Я пересказываю основные аргументы Твардовского, сформулированные в предисловии к книжному изданию.

Это произведение художественное, и в силу художественного освещения данного жизненного материала оно является свидетельством особой ценности, документом искусства, возможность которого на этом «специфическом материале» до сих пор представлялась маловероятной.

Обходясь без «нарочитого нагнетания ужасных фактов жестокости и произвола», Солженицын выражает отнюдь не «чувств[о] безнадежной угнетенности». Описываемое им «как бы освобождает душу от невысказанности того, что должно было быть высказано». Пожалуй, в Советском Союзе Твардовский первый, кто с такой отчетливостью указал на этот оксюморон высказанного невыразимого, одновременно подчеркнув и позитивный, чуть ли не примирительный, жизнеутверждающий тон этого текста.

При помощи стилизованной перспективы наивного, однако чрезвычайно внимательного и находчивого героя (перед нами, без сомнения, удачный пример влияния сказа [423] на повествование или, вернее, легитимированного сказовой техникой отклонения от стандартизированного языка официальной литературы) Солженицын убедительно показывает лагерную повседневность.
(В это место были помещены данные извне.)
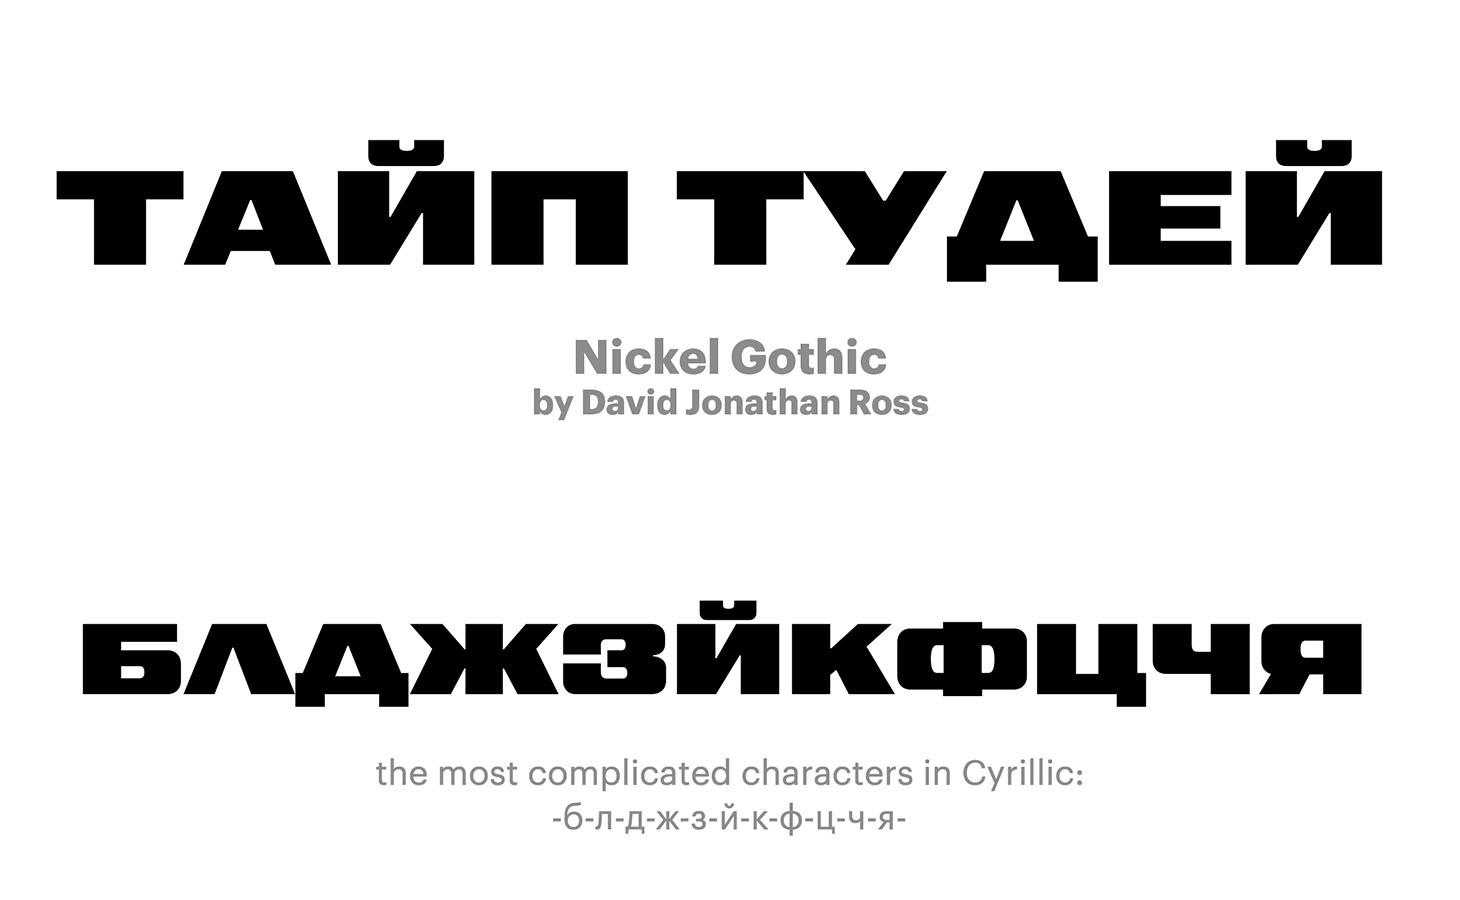 Nickel-Gothic

Повествовательная перспектива возникает между аукториальной и несобственно-прямой речью: мы узнаем о голоде, холоде, карцере, санчасти, о структурах системы, об определяющих лагерное общежитие иерархиях, о бараках, нарах, уборных и особенно о выходах на принудительные работы. Поражают своей интенсивностью описания поглощения баланды, хлеба, втягивания сигаретного дыма; миска вылизывается, хлебные крошки подбираются. Сцены поднесения ко рту хлеба, подчас свежего, душистого, получаются прямо-таки гедонистическими. Манера Ивана Денисовича есть хлеб граничит с комизмом.

423

Сказ – одна из повествовательных техник русской прозы, состоящая в своеобразной стилизации речи, характерной для определенной среды, с упором на «устность»; общепринятый нарратологический термин.
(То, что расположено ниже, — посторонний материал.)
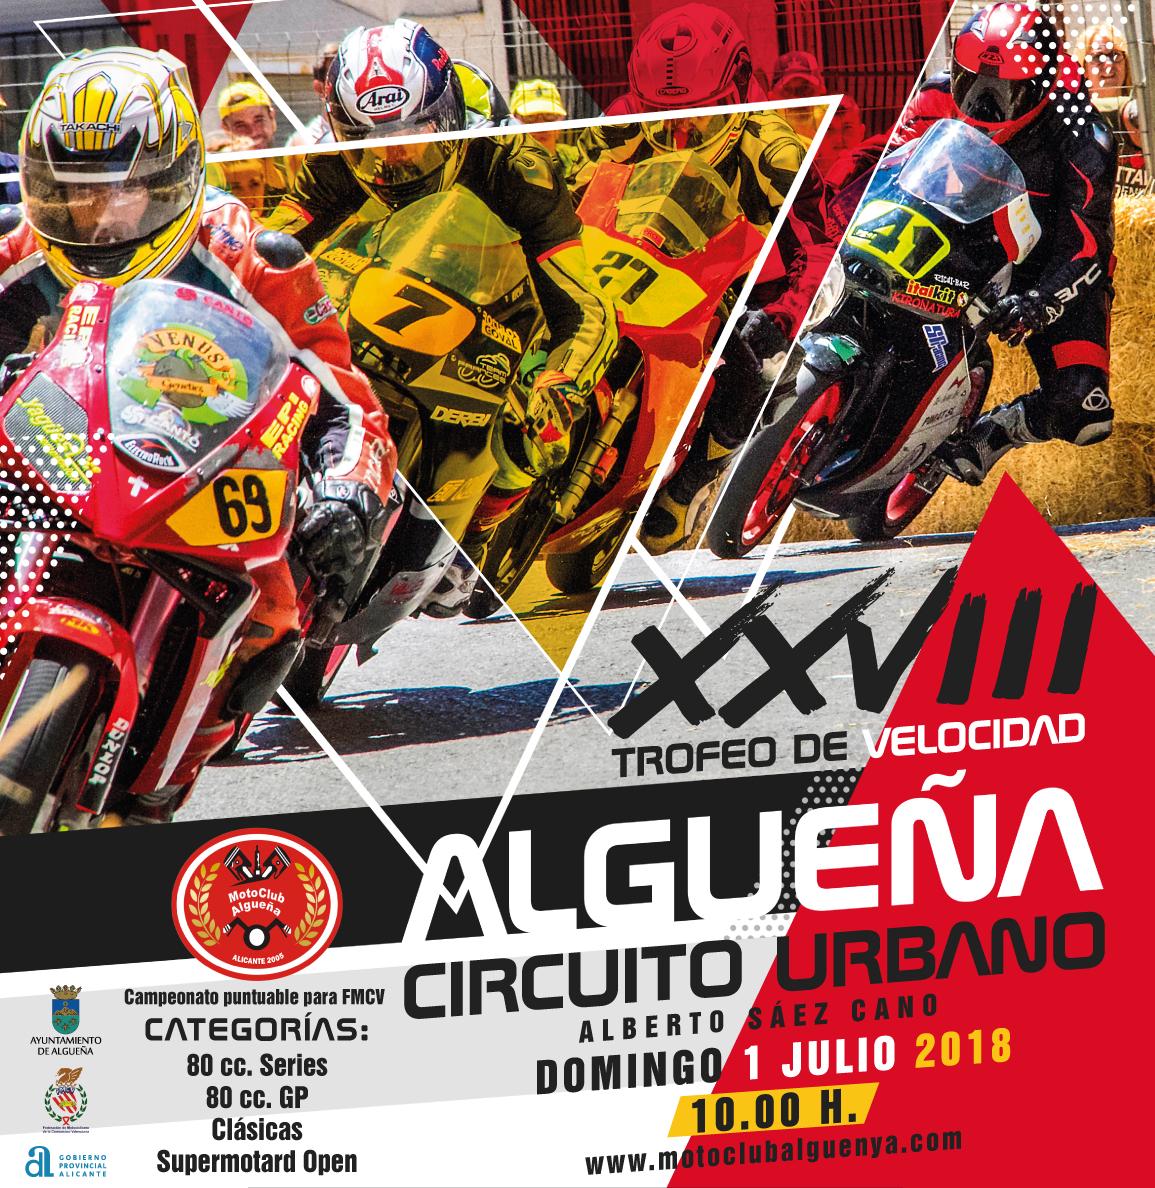 XXVIII Trofeo de Velocidad Algueña  W8tgzr

Как и в других сценах, Солженицын использует здесь прием наглядного показа, визуализации. Таково прежде всего изображение работ по возведению стены будущей ТЭЦ. Несколько заключенных строят эту стену вопреки всем превратностям (отсутствию рабочего материала и инструмента, помехам со стороны тупоумных надзирателей, немеющим от холода конечностям). Занятые созидательным трудом бывший крестьянин, а ныне каменщик Иван Денисович и другие лагерники наблюдают за продвижением работы и прямо-таки огорчаются, что дело не удалось завершить в этот конкретный день. Эту выраженную в некоторых текстах радость труда, удовлетворение от успешно выполненной работы Тодоров интерпретировал как подтверждение неутраченного достоинства, сравнивая это с другими примерами сохранения достоинства личности. Этот моральный смысл присутствует и в тексте Солженицына. Солидарность и проявления дружбы или самоуничижения Солженицын показывает глазами своего героя. Кроме того, сказовая техника несобственно-прямой речи, в которой рассказчик перенимает точку зрения героя и, соответственно, его язык, позволяет обозначить и его происхождение (деревенская среда, преследование кулаков, развал сельского хозяйства, приведший к тому, что теперь крестьяне красят ковры по трафаретам). Еще одна грань Советской России раскрывается в письме-отчете оставшейся в деревне с детьми жены героя, тоже выдержанном в сказовом ключе. Сказ позволяет как бы между прочим назвать причину осуждения Ивана Денисовича: побывавший в немецком плену (то есть вернувшийся живым), он обвиняется в шпионаже в пользу Германии, приговаривается к принудительному труду и делает признание, которого от него ждут:

Считается по делу, что Шухов за измену родине сел. И показания он дал, что таки да, он сдался в плен, желая изменить родине, а вернулся из плена потому, что выполнял задание немецкой разведки. Какое ж задание – ни Шухов сам не мог придумать, ни следователь. Так и оставили просто – задание (СД 18).

Читается это как едва ли не юмореска, выражающая параноидальную идею, будто вернувшиеся военнопленные представляют реальную угрозу.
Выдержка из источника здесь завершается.